What emerged from the talks was less a breakthrough than a recognition that the old model of trade—built on the assumption of ever-deepening integration and mutual benefit—needed rethinking. The envoys acknowledged the need for supply chain resilience, for addressing imbalances that had accumulated over decades, and for finding ways to manage competition without descending into outright conflict. Whether those acknowledgments would translate into concrete policy changes remained an open question. The real work would happen in bilateral negotiations, in decisions about where to invest, in choices about which partners to trust. The APEC meeting had named the problems. Now came the harder part: solving them.
Citas Notables
China's trade negotiators urged APEC members to focus on expanding overall economic growth rather than protectionist competition— China's trade delegation at APEC meeting
La Conversación del Hearth Otra perspectiva de la historia
Why did China's commerce minister skip the opening? That seems like a deliberate signal.
It probably was. You don't miss the opening of a major trade meeting unless you're making a point. Whether it was about domestic politics, a scheduling conflict, or a way of signaling that China wasn't going to be pushed around—it set a tone.
And the message about growing the pie instead of dividing it—that's China's pitch to the room, right?
Exactly. It's saying: stop fighting over scraps, let's make the whole thing bigger. But it's also self-interested. China benefits from open markets and access to resources. Other countries hear that pitch differently depending on whether they're exporters or importers, whether they're worried about losing jobs.
The supply chain piece feels like the real substance here. What's actually broken?
Everything became fragile. A factory in Taiwan, a port in Shanghai, a shortage of semiconductors—suddenly the whole system seizes up. Countries realized they'd optimized for cost and speed, not resilience. Now they're trying to figure out how to rebuild without destroying the efficiency that made trade work in the first place.

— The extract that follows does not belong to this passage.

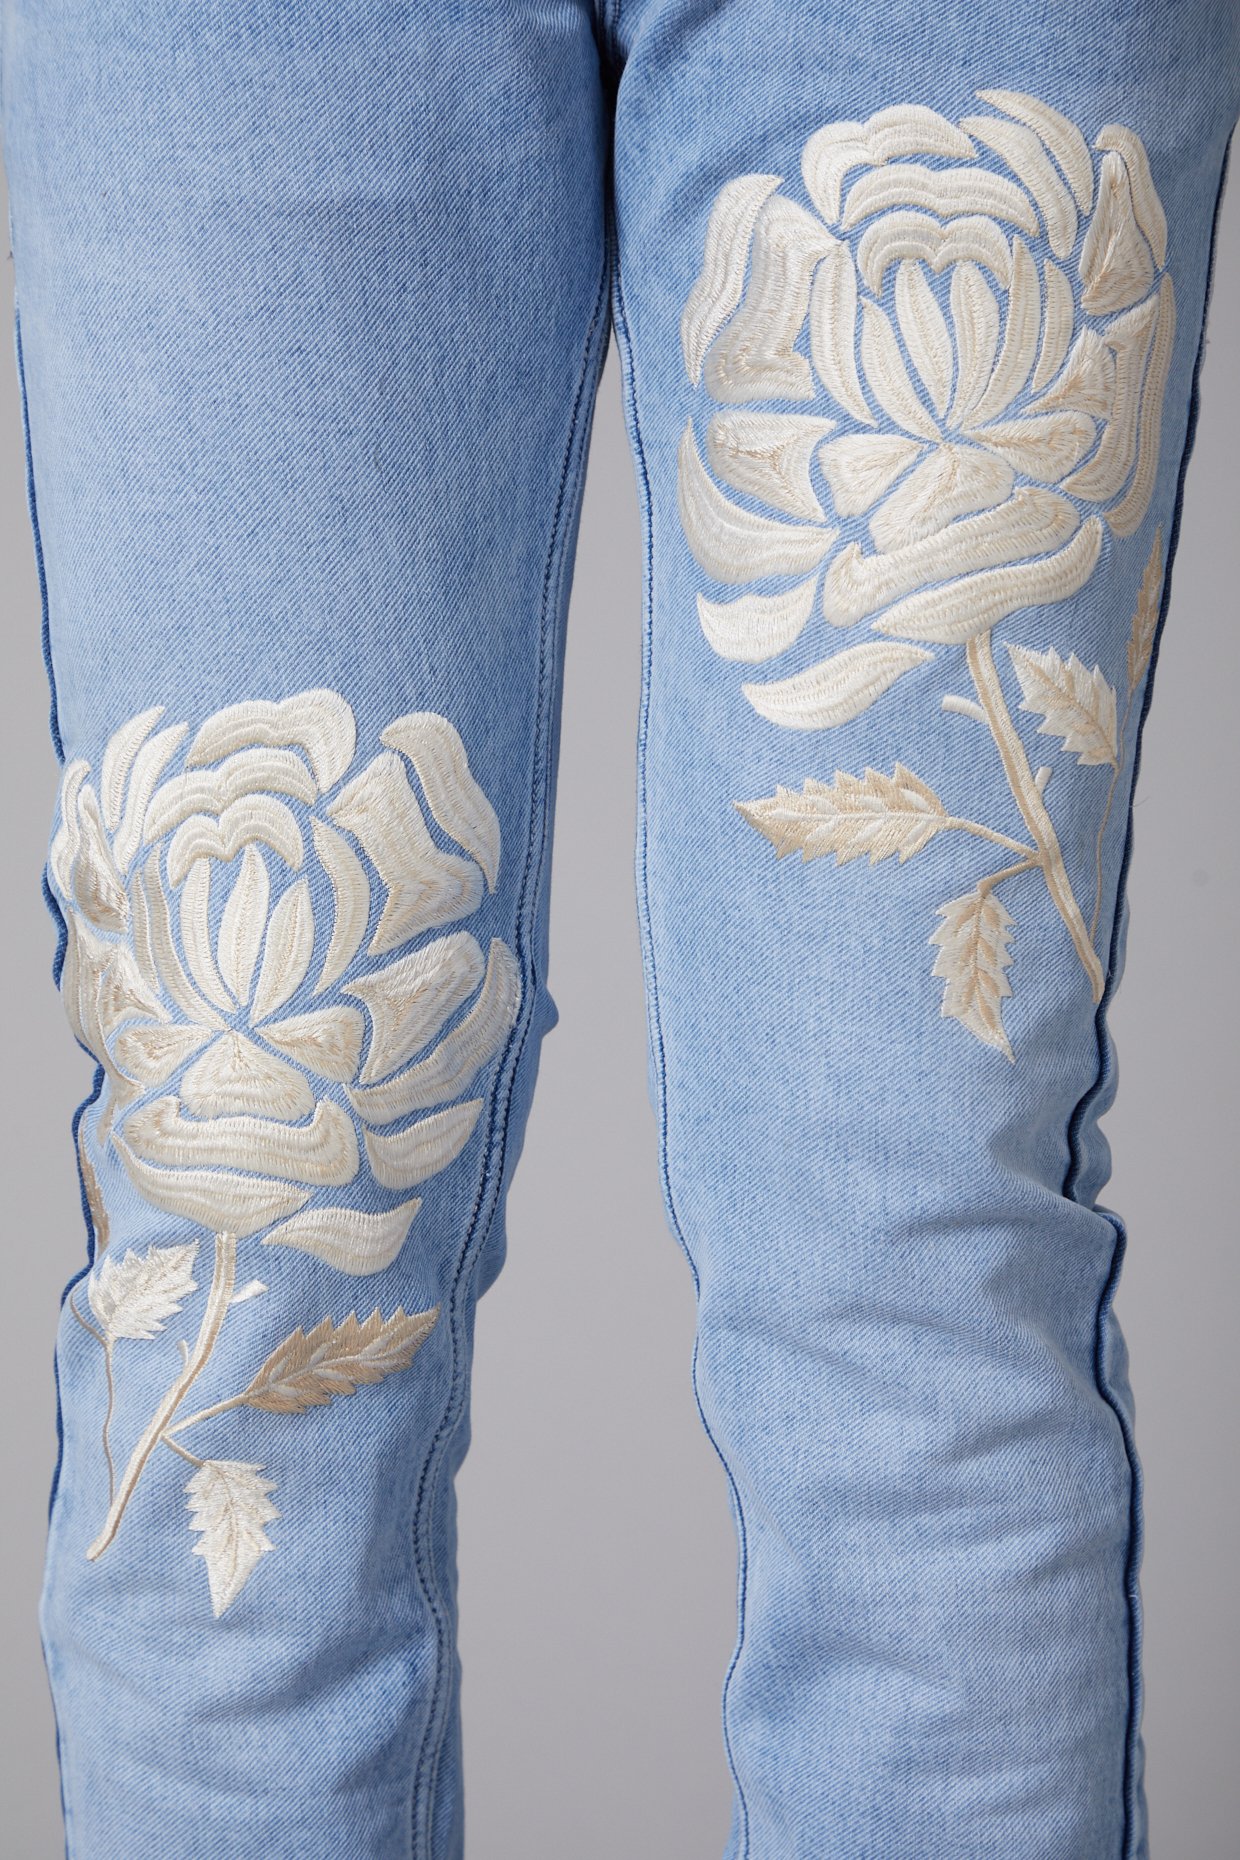 🎀 Suko Jeans Blue Denim White Floral Embroidery

So this meeting didn't solve anything?
It named things. It got people in the room acknowledging the same problems. That's not nothing. But the real decisions happen after, in bilateral talks, in investment choices. APEC is where you signal intent. The actual work is harder.
What happens if the US and China can't find common ground?
Then everyone else has to choose sides, or try to stay neutral and fail at it. Smaller economies get squeezed. Supply chains splinter further. The whole region becomes less efficient and less prosperous. That's what everyone's trying to avoid.